Mr. Older:  I had considerable experience in putting out seedling plums.  When large enough to get to bearing there wasn’t a good one in the whole lot.  I got some plums, the finest I could pick out, and three years ago they first came into bearing, and one of my neighbors went over there when they were ripe and said they were the best plums he had seen, but since then I have had none.  I got some Emerald plums from Mr. Cook.  They were nice plums, and when he came to see them he said, “I came to see plums, I didn’t come to see apples,” but the brown rot gets a good many of them.  I had some last year, and just before they ripened the brown rot struck them, and it not only took all the fruit but got the small branches as well.  I don’t know what to do about the brown rot.

Mr.

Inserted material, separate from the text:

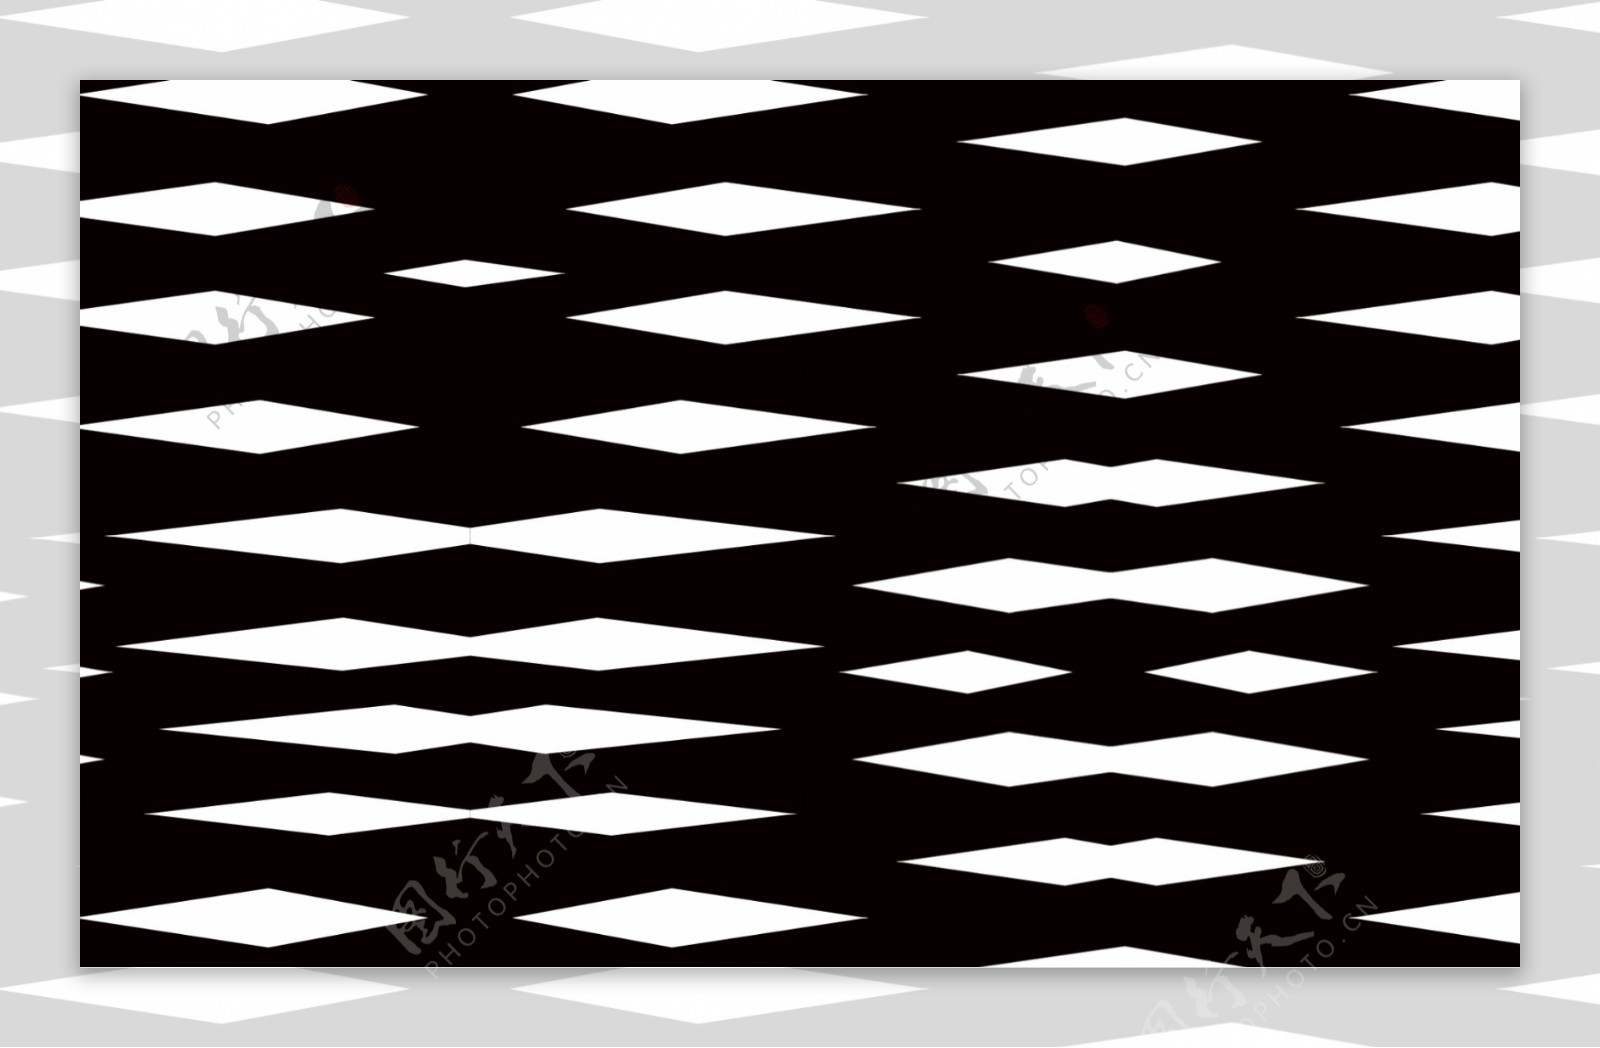 【3D贴图】三角形黑白渐变贴图-3d材质贴图下载_贴图素材_3d贴图网 - 建E网3dmax材质库

Drum:  I would say that my experience was something like Mr. Older’s with the sand cherry crosses.  They grew until they were large and I sprayed them with lime-sulphur.  I couldn’t see any injury from that until they were grown, nearly ripe, and then in spite of me in a single day they would turn and would mummy on the trees.  I had a Hanska and Opata and the other crosses, and they bore well.  They were right close to them, and the brown rot didn’t affect them particularly.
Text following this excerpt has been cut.